Beal arrived as this was winding down. They heard her carriage clatter up the stone road, heard the bustle of arrival, the cries of an overtired baby, the to-and-fro of the Señora and Gabriella, and at length, Beal came through the door onto the terrace. She was unwinding the light scarf that held her hat in place, and when she removed it, she waved it at her side like a schoolgirl. She stood in a ray of sun dappling through the chestnut leaves, and Thomas could not help feeling proud of her—of her beauty, the moment, the gesture with the hat, her smile in the sun: not an artificial hour but an instant, a sample of their real lives. Having a guest made this all seem both ordinary and miraculous. The two men stood up as she came out, and Thomas made the introductions. Taken with the moment, he did it up perhaps more than he needed to, as if to make sure that she would not be as skeptical as he had been, as if to head off the guest’s impulse to self-promote.
Beal ignored his last bits of introduction; she turned to Goodrum before Thomas was finished, cutting him off in mid-sentence. “I hope you’ve been having a nice trip,” she said. “Down here. Off the beaten path.”
“Oh yes. I have never come this far south. In Bordeaux they speak of Languedoc as not entirely safe.”
“Boars and brigands,” said Thomas.
Beal took no notice of this old joke. “You will be able to have dinner with us?” she asked.
“Oh no. I couldn’t. I must be getting back,” he said.
“To Narbonne
?” said Thomas. “You’ve missed the last train.”

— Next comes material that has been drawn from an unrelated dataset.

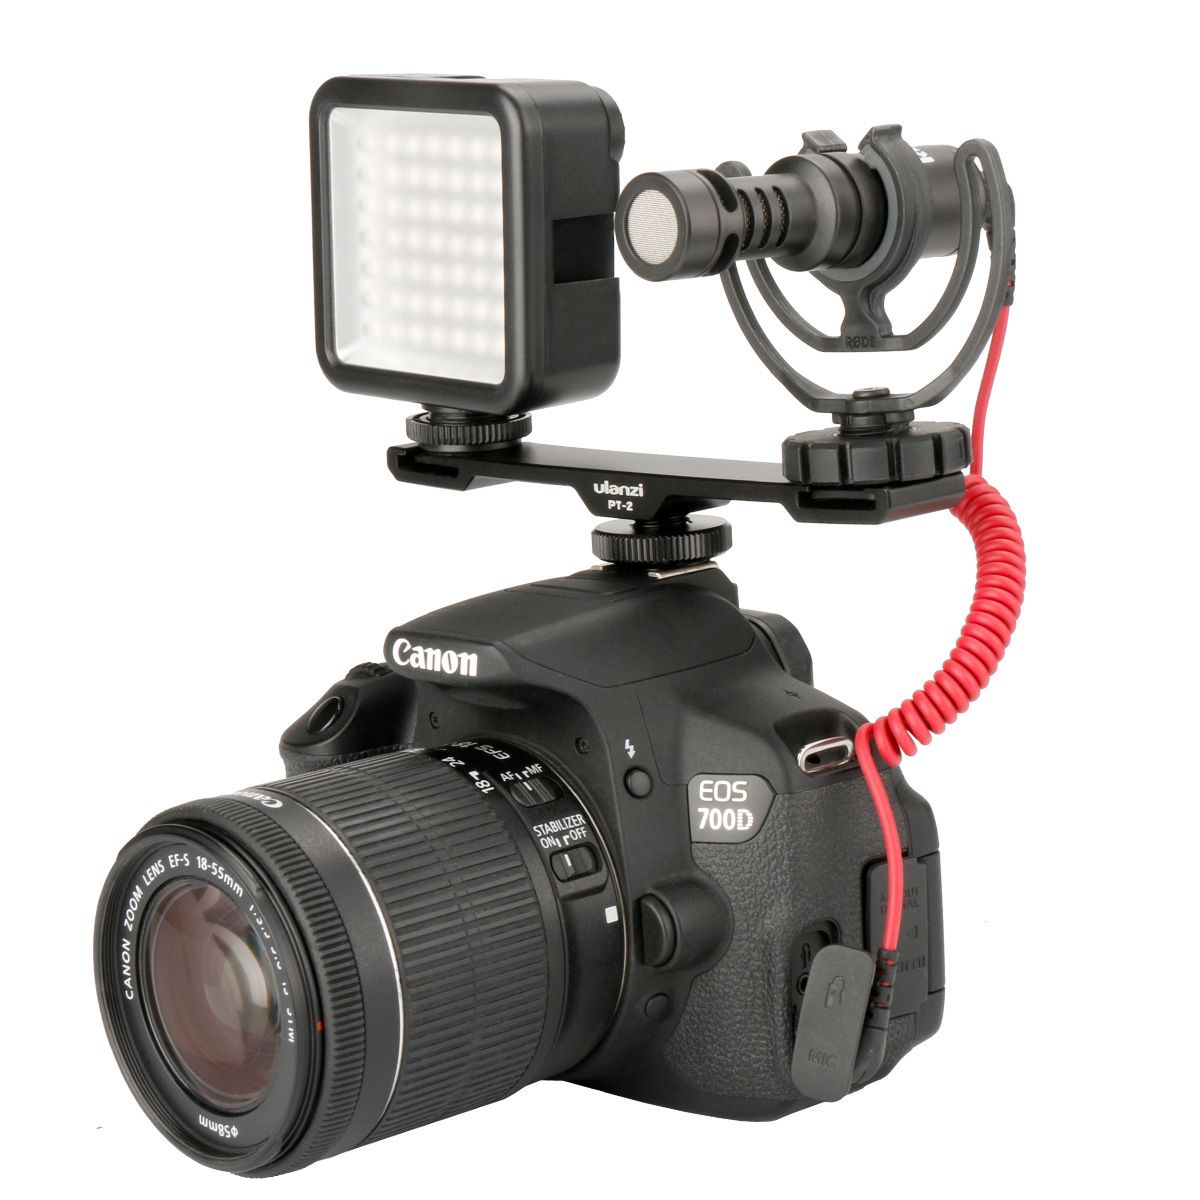 Ulanzi-PT-2-Dual-Cold-Shoe-Flash-Photography-14-Thread-Bracket-Plate-for-Microphone-Flash-Light-1290796

Lawrence explained that he had already taken a room in the hotel in the village, and indeed, he was planning the next day to visit another local winery. “La Fontaine. Have you heard of it?”
Thomas and Beal both laughed, and Beal allowed Thomas to explain that this was where she had been that day, the Milhauds were their very good friends. It was decided that they would send to the village to collect Lawrence’s things and that he would spend the night with them at St. Adelelmus and be dropped at La Fontaine early the next morning, giving him plenty of time to meet with the Milhauds and catch the two o’clock train back to Narbonne.

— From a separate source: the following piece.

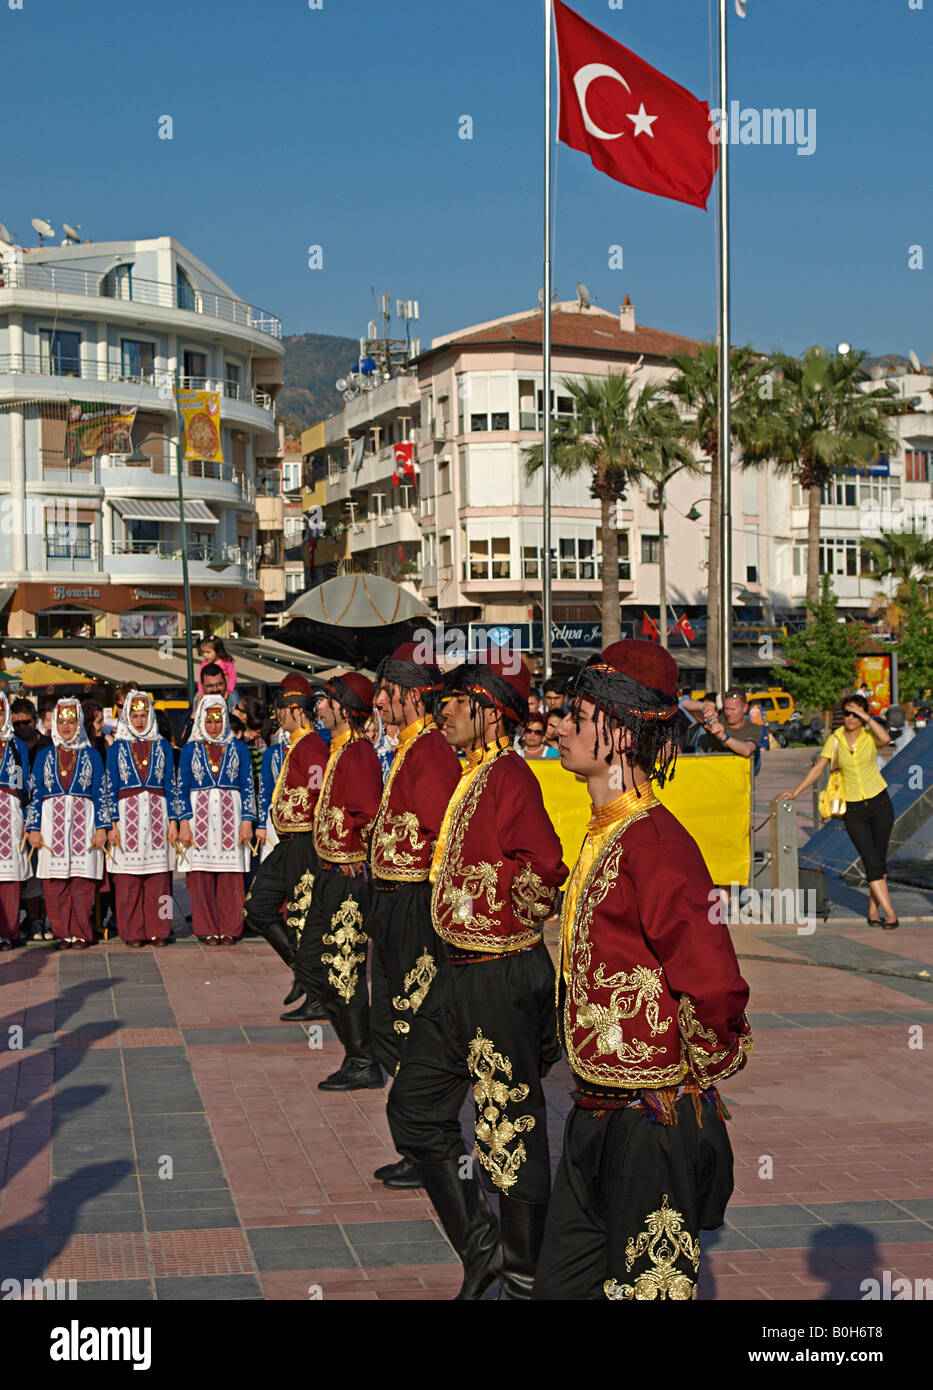 TURKISH YOUNG PEOPLE WEARING  TRADITIONAL CLOTHES AND PERFORMING DANCE AT MARMARIS MUGLA TURKEY DURING FESTIVAL OF YOUTH Stock Photo

“Well,” said Lawrence. “If I refused such a reasonable plan, anyone would wonder why.”
* * *
As she and Thomas were getting dressed for dinner, Beal asked, “Thomas, was that all really necessary?”
“Was what necessary?”
“All that talk about his store. About what an expert he is.”
“I just thought you would be interested. He knows far more about wine than I do.”
“A lot of people know more about wine than you do.”
“As I am the first to admit.”
“We see all sorts of experts, and you do not feel you have to carry on like that.”
Thomas understood well what Beal was saying, but there was a point to be made on the other side. “I just liked him. I was impressed. I wanted you to know that, and I guess I wanted him to know that. Did he look as if he minded?”
“Hmmm,” she said. They went back to their preparations. They did not normally dress for dinner as much as freshen up, but they had no doubt that now that the luggage had been retrieved, their guest would appear formally attired.
“An intriguing prospect for us,” said Thomas, starting anew after Beal finished at the washstand. “Of course,” he continued, “we wouldn’t be ready to ship anything bottled for three or four years at least, but I never dreamed we would sell anything in America, especially in this sort of package deal. The wine has to be first-rate, sturdy enough to make the voyage…” He noticed that Beal was glaring at him. “What?”